In 1990 I was propelled into teaching polymer clay techniques to others. The Boston based group Bead Designers International had contacted Nan Roche with the hopes that she would have time to travel to Boston to teach a workshop and present a slide show at their monthly meeting. Unable to take the time off from work, Nan suggested me as their workshop teacher. Armed with a fully loaded carousel of slides, four dozen samples and the innocence of a first timer I boarded an Amtrack train to Boston.

I was nervous, the 12 hour train trip had stretched to 19 hours due to engine trouble and I’d had plenty of time to rehearse my presentation. What I discovered during that trip was that I absolutely LOVED to teach polymer clay techniques to others.
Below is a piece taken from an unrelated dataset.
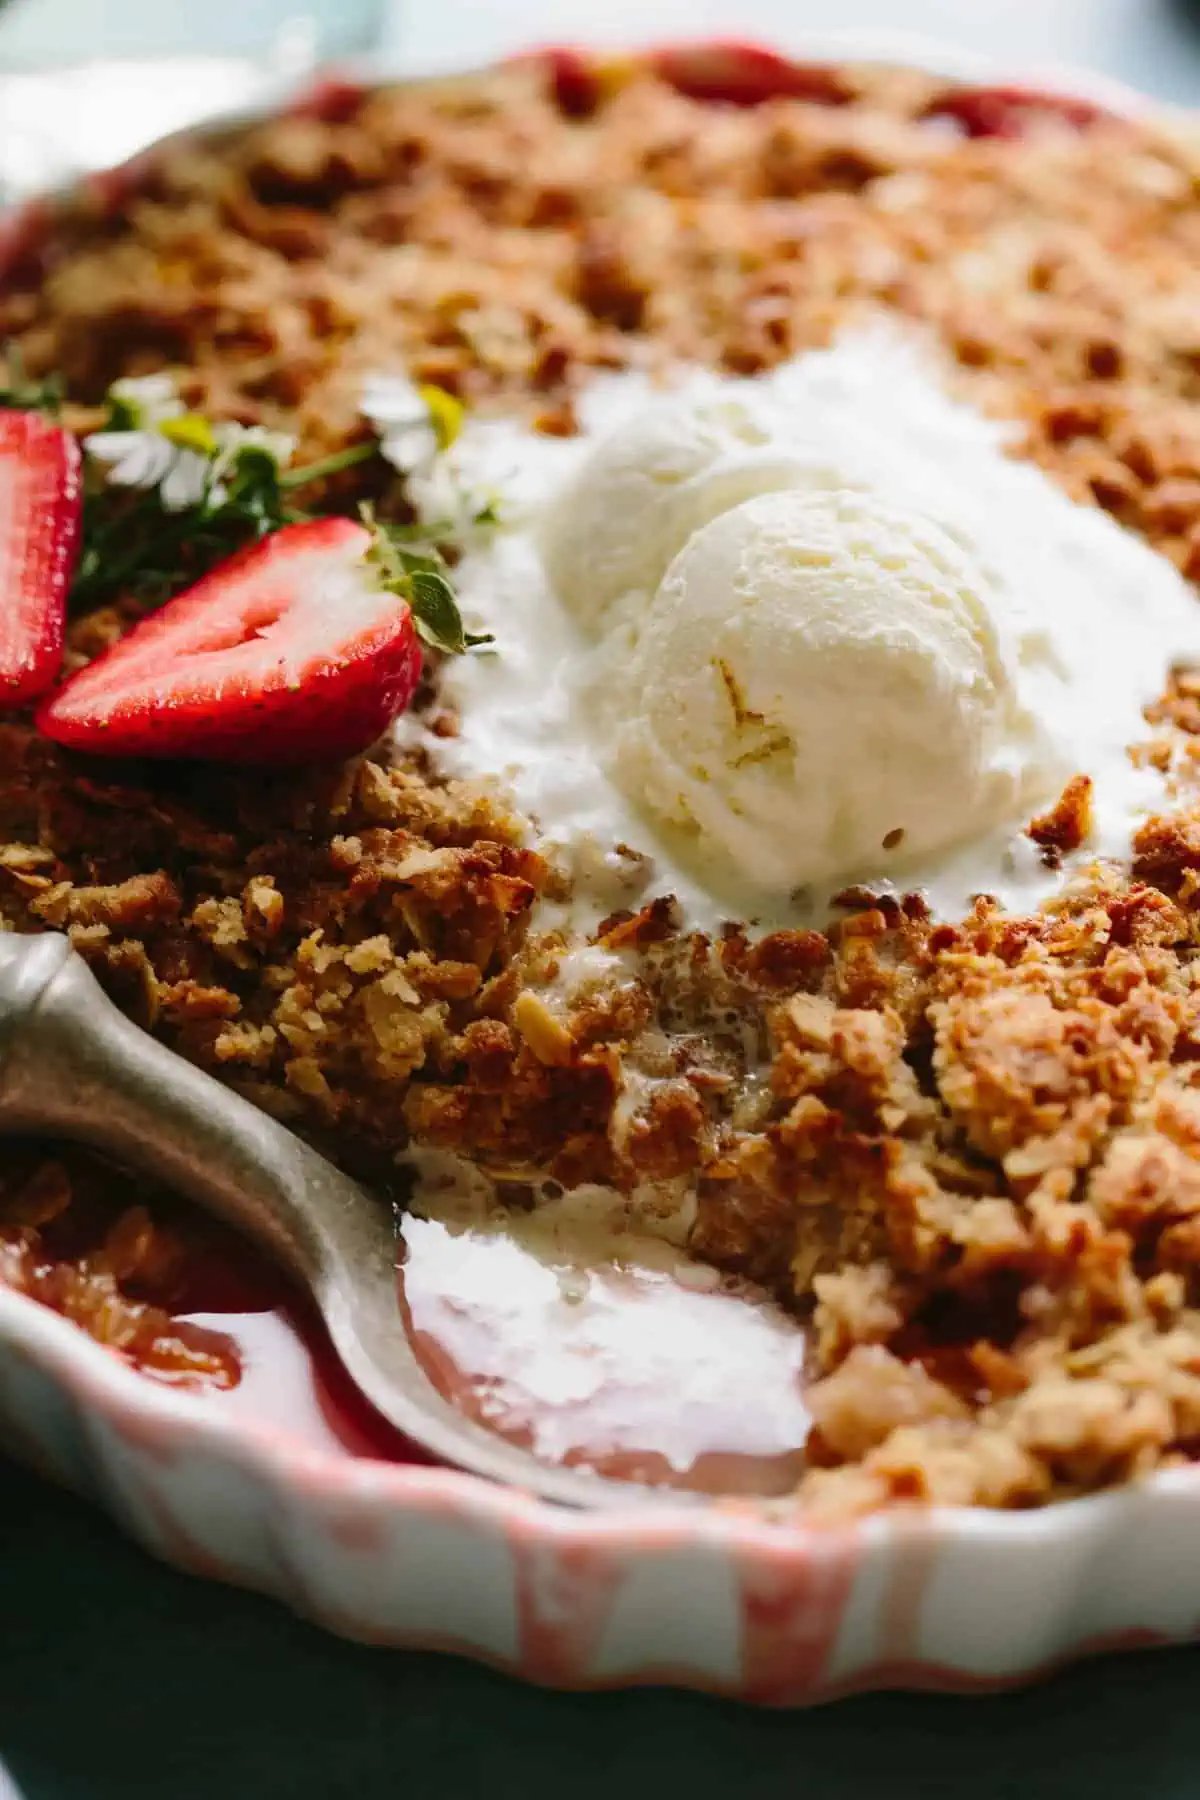 Close up view of a scoop of vanilla ice cream melting over strawberry crisp.
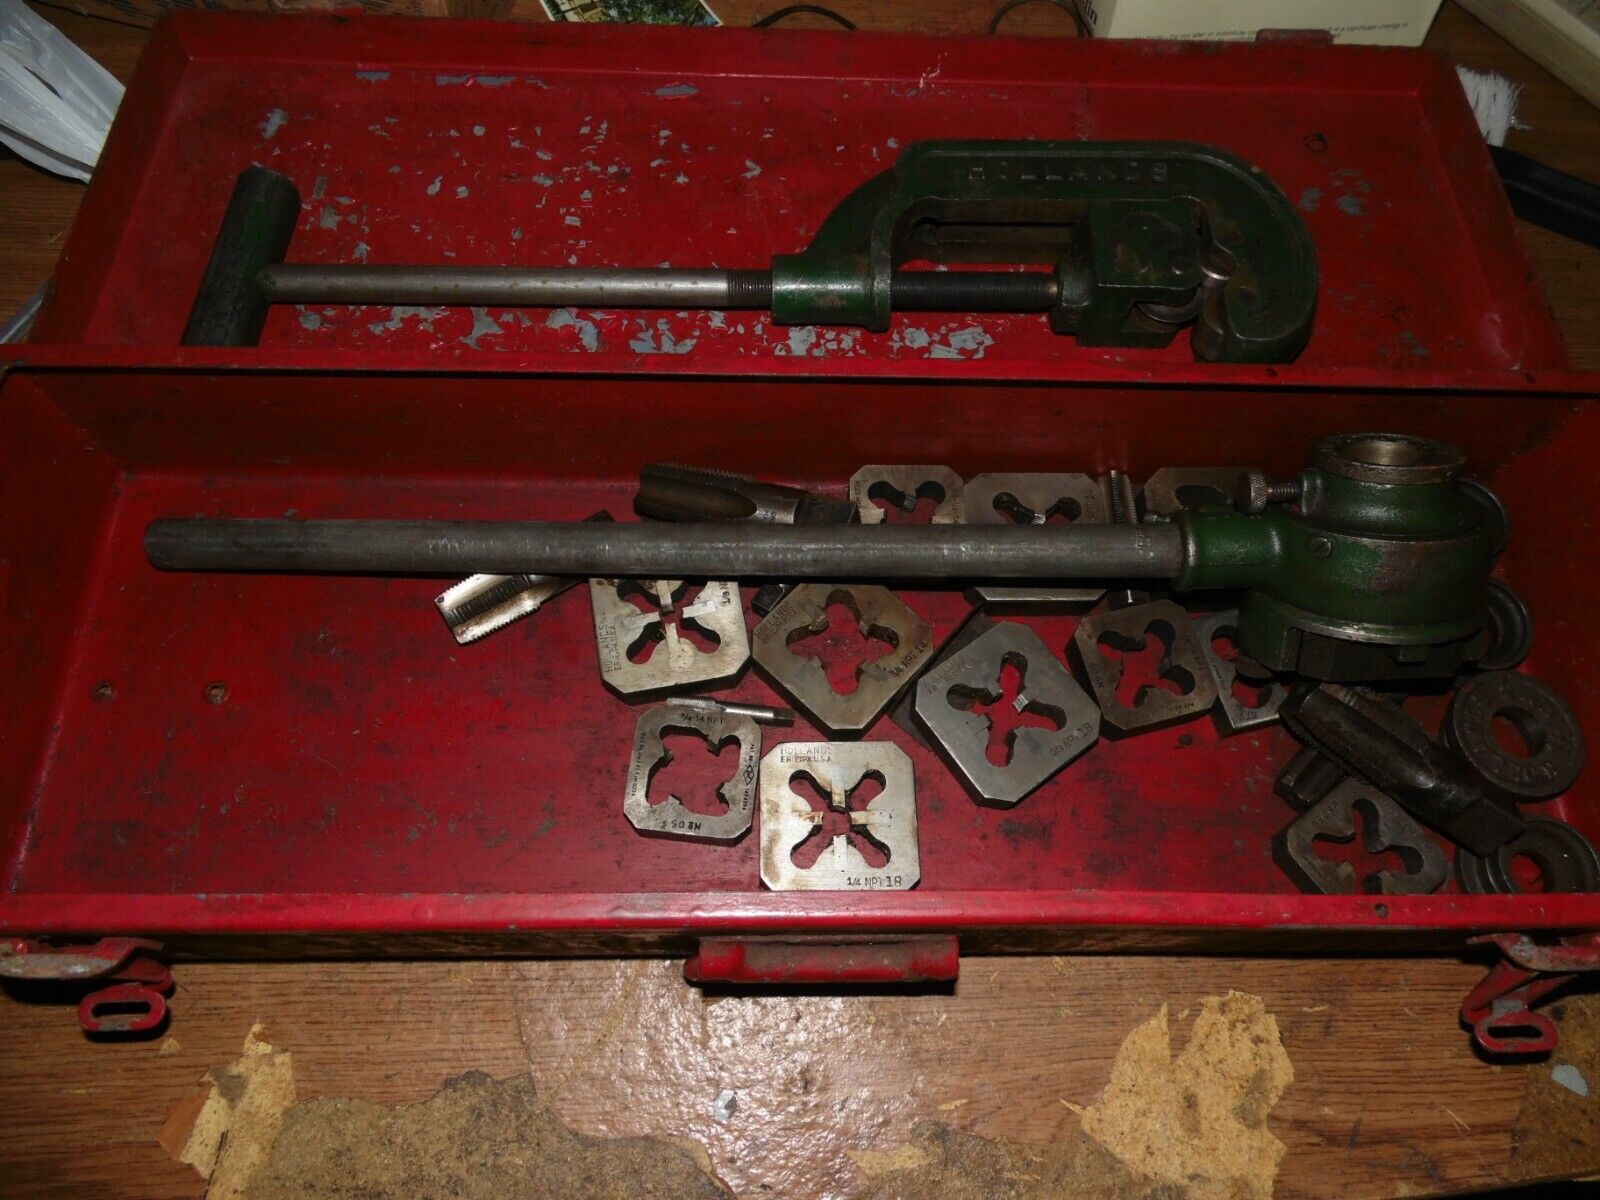 Vintage Hollands Erie PA Tap & Die Set & Heavy Duty Pipe Cutter w/ Tool Box

The challenges of the group dynamic, the individual yelps of joy and the transcendence of teaching things/demonstrating things that I previously had not had any conscious notion of knowing was exhilarating.

Since then I have had the honor of teaching hundreds of workshops in a myriad of settings, including short one-hour demos, three hour classes at conventions, two day workshops for polymer clay guilds and one week residential intensives. My students have ranged from eight to eighty and seemingly I learn more than anyone else in the room.

Another thing that happened in 1990 was I called up Nan Roche and asked her if I could hold a weekend polymer clay slumber party at her house. “Coincidentally” someone had just called from her spinning group (yarn not exercise) to say that they were canceling their retreat at Shrinemont in southern Virginia. She called Shrinemont and they agreed to rent us the Crenshaw cabin for the weekend.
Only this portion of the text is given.